Coming along with the capacity to ask this question is the capacity to shelve your agenda and your feelings for the time being. We are all challenged to regulate ourselves well enough to be able to compartmentalize anger, frustration, disappointment, or any other emotion we may be feeling in conflict. This is not easy. Assuming you are curious about the other person’s experience, it gets more complicated—but before we get there let’s first talk about when you’re not genuinely curious.
If you’re not curious about someone else’s experience or perspective then own it. You don’t need to engage in a conflict or argument with that person. If you continue to, It simply will not go well. If you don’t care to know about the other person’s perspective and you continue the dialogue regardless, then it’s likely that you’re either just lashing out, people-pleasing out of some misguided sense of duty or responsibility to that person, or simply overriding your “No” to the conversation for any number of other reasons. Sam Harris in his book “The End of Faith” describes this in slightly different terms. He makes the distinction between having a conversation and having an argument. He states,
In order to have a conversation you must be open and willing to have your opinion or perspective change.
If you are not open to changing your mind then you are having an argument. Your opinion or perspective will be more likely to change if you are curious about the other. If you are not curious, your point of view will likely not change. So we must be asking ourselves: “Am I open to this person changing my mind? Am I open to hearing this person and having the conversation potentially change my perspective and my feelings?”

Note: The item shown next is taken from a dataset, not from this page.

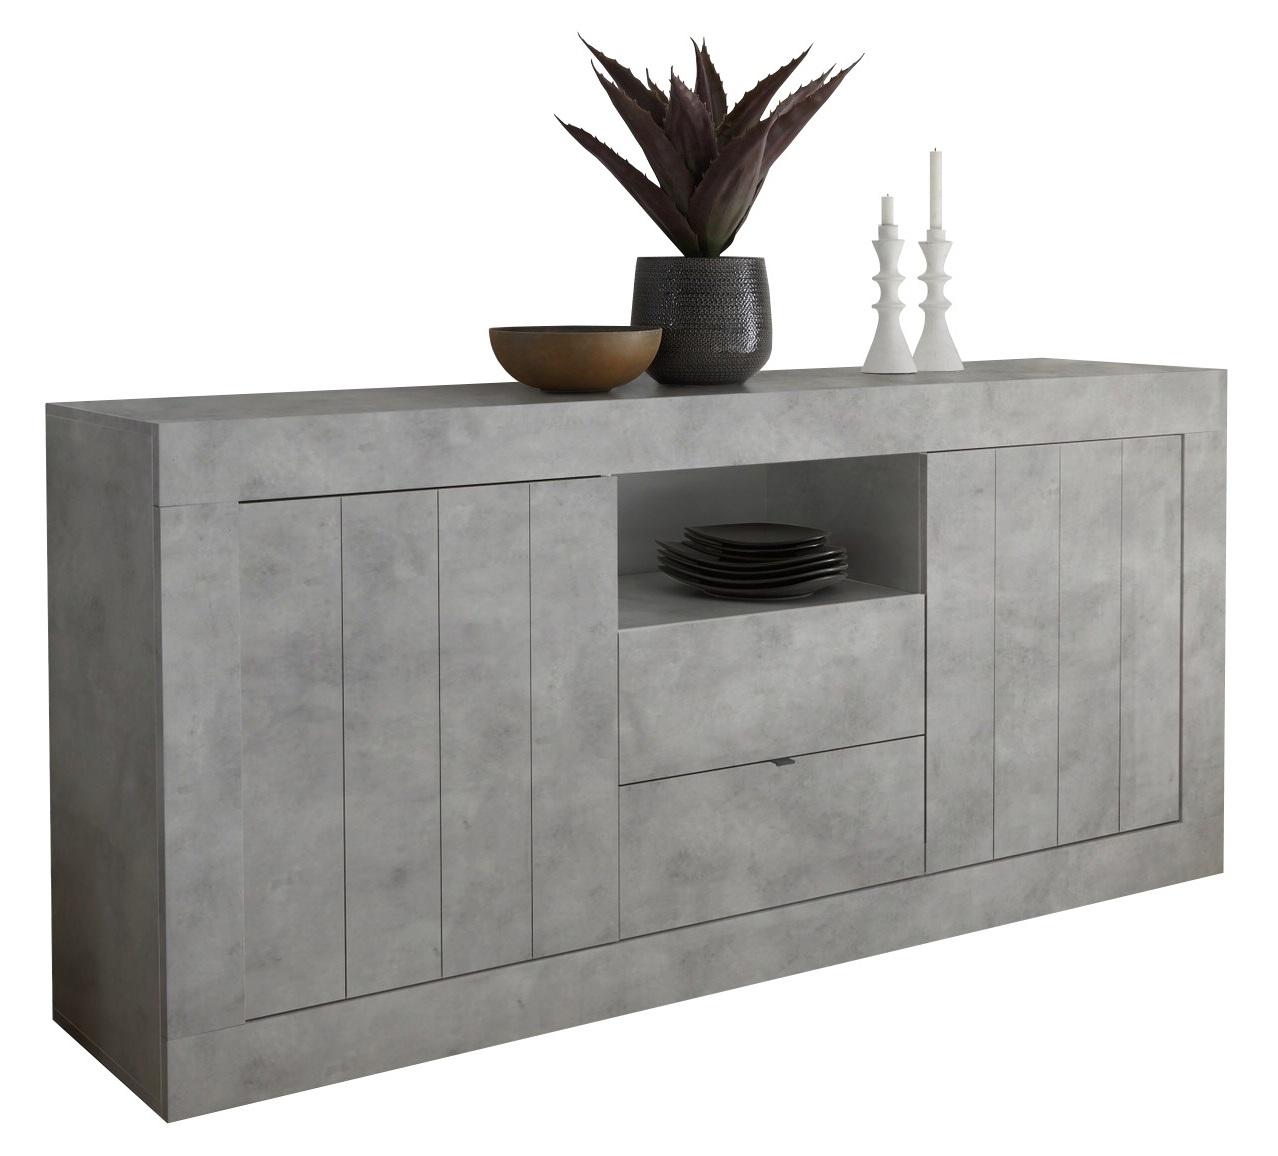 Dressoir Urbino 184 cm breed in grijs beton   Pesaro Mobilia

If you check in, and indeed you are curious and open, then lead from that curiosity first. This will make the other person feel prioritized and it will reflect your investment and care in them. They will feel this. This is how you build trust over time. If my partner or a dear friend constantly asks about my experience, and they do this at the beginning of conflicts, I feel like they really does care about me and my experience. I feel like I can trust them to be open-minded and open-hearted so that what I say and express would impact them; that they would potentially change their perspective.
I come across this dynamic all the time in my work with clients. Often in conflict we get caught in our own story, our own narrative, our own agenda. So much so that it can be easy to feel like our needs and feelings must be addressed immediately. If we don’t get our needs met now then they never will. If we meet others’ needs then ours will not get met. It can often feel like a tug of war. The internal belief is: If I provide space for your feelings and needs, then mine will be forgotten or dismissed.
One of the best ways to build trust and intimacy in any relationship, friendship or romantic, is to have genuine curiosity about the others experience. Prioritizing that curiosty is vital when there is a conflict especially early on in that conflict hopefully before either person is to activated. Put this first and the conflict will go better and take less time. This skill will make you a more effective and skillful communicator.